First up, a delightful and engrossing account of the earliest manufacturers of bicycles in Massachusetts (and, by extension, the U.S.). Quite a bit of detail about the illustrious Albert Pope, known to all and sundry by his honorific, "Colonel." Tasty details about how and why he started the Columbia Bicycle Company, and about the roiling market for early bicycles. At one point in the late 19th century, there were over 100 separate bicycle manufacturing companies in Boston alone. I keep telling you people: Cycling was it in those days in this country. All other sports took a back seat. I don't know about you, but when I read stuff like this, I start thinking I was born too late. I particularly enjoy the fact that my adoptive state of Massachusetts was a hot-bed of cycling history. (See earlier post about Major Taylor, "The Worcester Whirlwind" and one of the first African-American sports superstars.)

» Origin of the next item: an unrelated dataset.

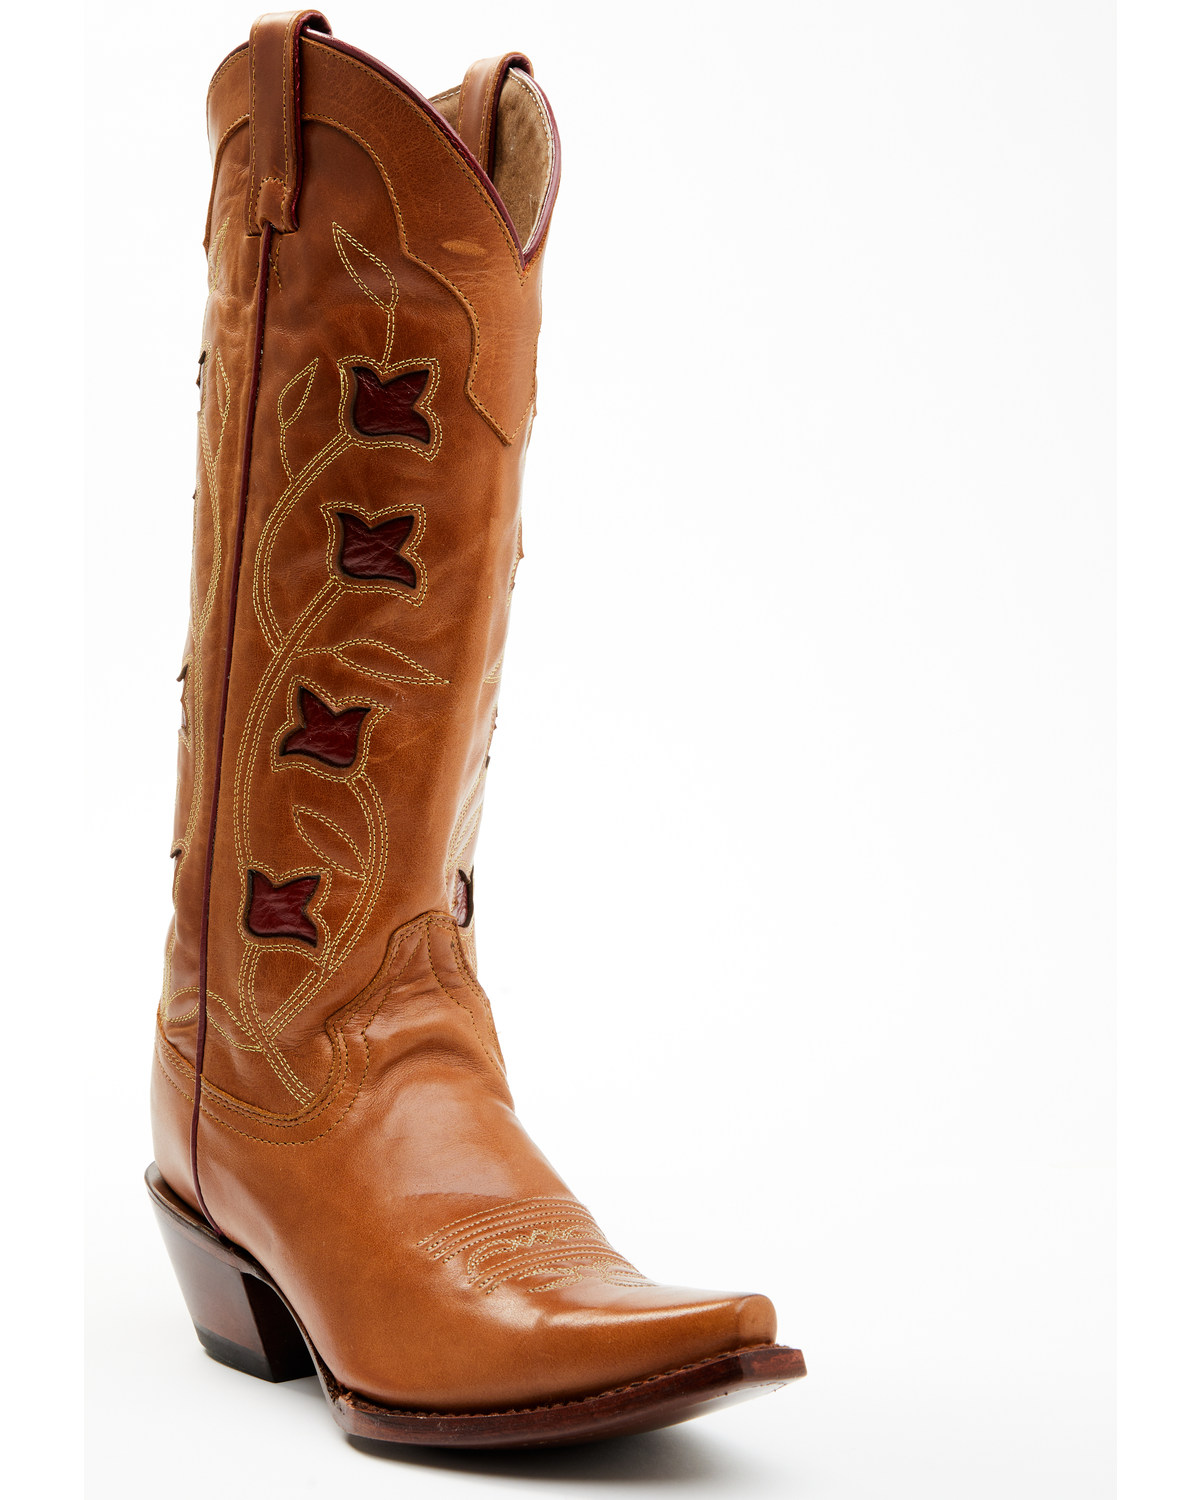 Idyllwind Women's Deville Western Boots - Snip Toe

As for the Northampton Cycle Company, the subject of the second print hanging on our study wall, Mrs V. exhumed a more specific article from an 1898 edition of the New York Times. It seems they were indeed real -- but perhaps short-lived. Now, this might have had something to do with a nefarious bank president from Northampton, who absconded with some of the bike company's funds one fine day. Hm... banks making off with undeserved loot... sounds awfully familiar... let's see...
A sighting of the fleeing bank officer in nearby Westfield is mentioned at the end of that short blurb. The next we hear of him, he is apprehended in Louisville, KY, "posing as a man of some means... on the lookout to invest his capital to advantage." He had $7 in his pocket. You can't make this stuff up.
In a strange way, I find it comforting to be reminded that the news themes that outrage us today -- financial turmoil, shady dealings, outsized egos jostling for worldly position -- are as old as the hills. Perhaps just as comforting, the Columbia company rolls on today, 132 years later, under the same name... and just a few towns away from where I'm living now. Everything old really is new again.